I had a doctor appointment this week and am 36 weeks. I wanted to update you all on some bummer news.
Miss Everly is breech! Yes, she still has time to flip but if not we are looking at a c-section. I am not even entertaining the idea of a breech birth and wouldn’t be able to do it anyway since I am considered high risk. After Ace came out not breathing and being stuck for awhile and it took them 4 minutes to revive him there is no way I am risking that happening with Everly.
If I have a c-section I will be disappointed in a way because I know I will have a harder recovery which means a harder time holding my girls.

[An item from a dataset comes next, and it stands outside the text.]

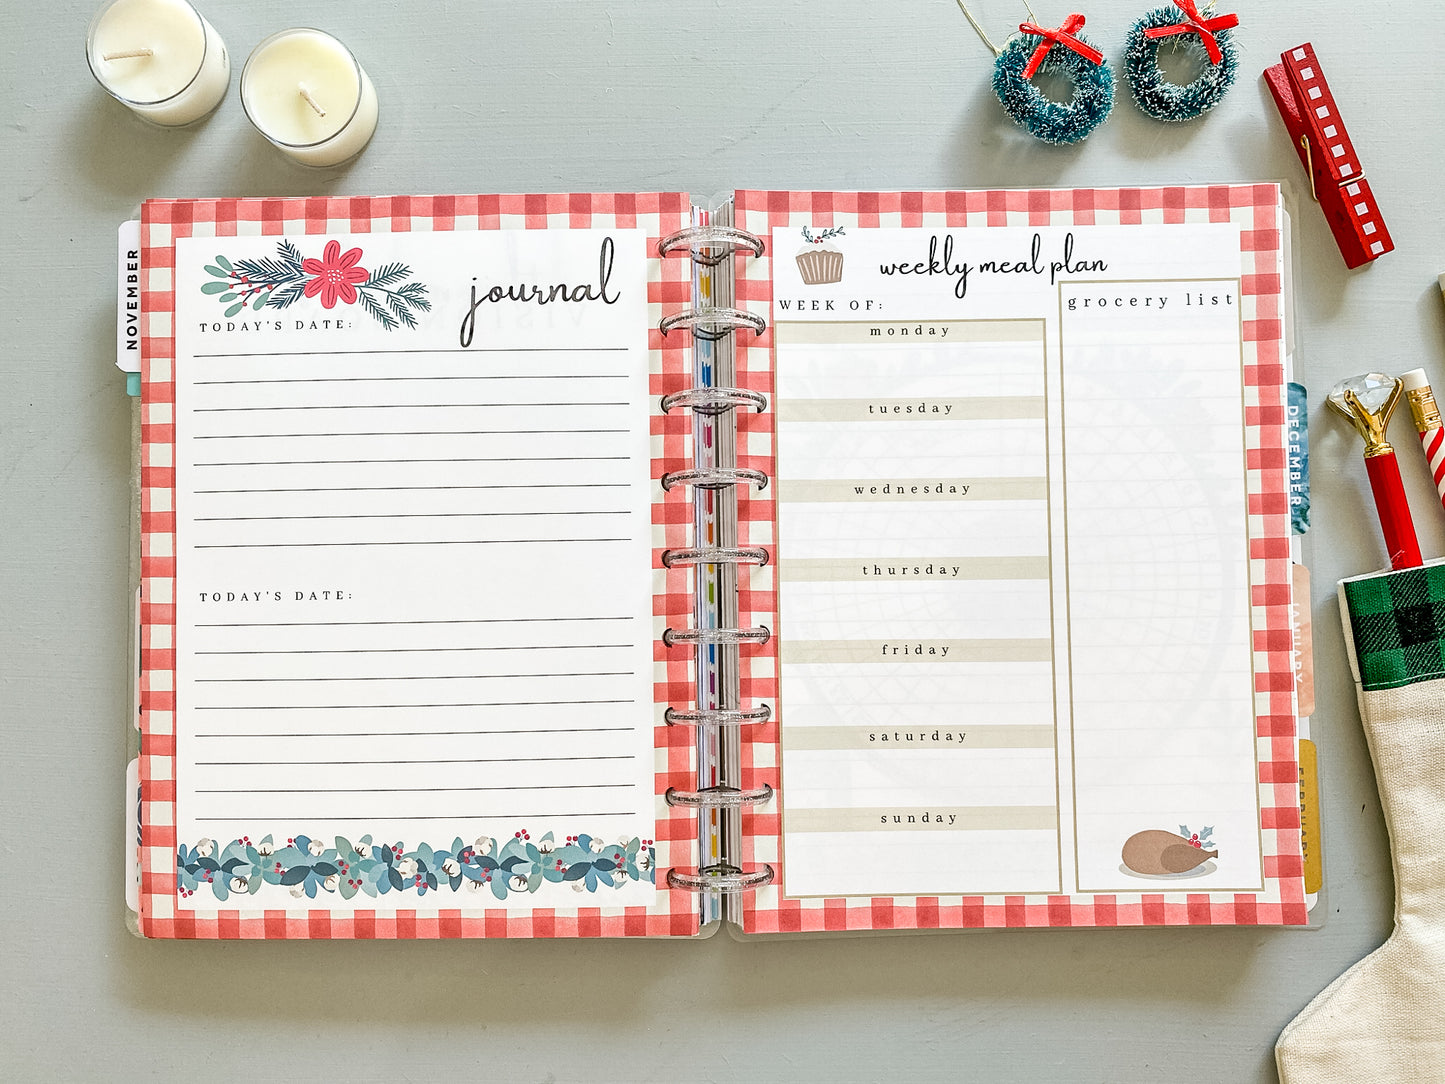 Printable Farmhouse Christmas Planner Inserts for Happy Planner

I feel like poor Ashlyn is going to get the hard end of this. She is my shadow, I hold her all day, she hangs out with me and we sit together and she will sleep on me. I just get really upset thinking about that being difficult after this. I knew she would have to share me with Everly but I imagined being able to hold both of them and when Everly slept or whatever playing with her and holding her. I guess you aren’t supposed to hold anything bigger than your newborn. AHH I just get so upset thinking about it.
It will all work out and it’s definitely something I just had to tell myself will pass and I will forget it but it still bums me out. I just hope that it won’t be as bad as I am thinking with not being able to hold Ashlyn as much. Thankfully she is at an age where she get be propped up on a pillow in front of me and we can talk and play and she loves that but I don’t want her to need me to hold her and I can’t.
I go next Wednesday to the doctors for an ultrasound to check to see if she has flipped. I am going to try some different things to hopefully get her in the right position but my short torso might work against me. My doctor was super sweet and optimistic and said the fact that she is still moving around a lot means she could flip but of course I had to go and ask what happens if she doesn’t flip. She looked at me and said then it’s a c-section. She knew I really didn’t want that, obviously and they aren’t ones to jump the gun on that one there so I knew she was trying to just be positive and not mention it just yet.
Heres hoping she flips and if not, heres hoping everything with Everly and me goes well! I trust my doctors and have so much faith in them so I just need to try to not stress it. Thankfully I have had some amazing girls give me advice on what to expect and what to do to make it less painful. I am a lucky girl to have so many people who care about us!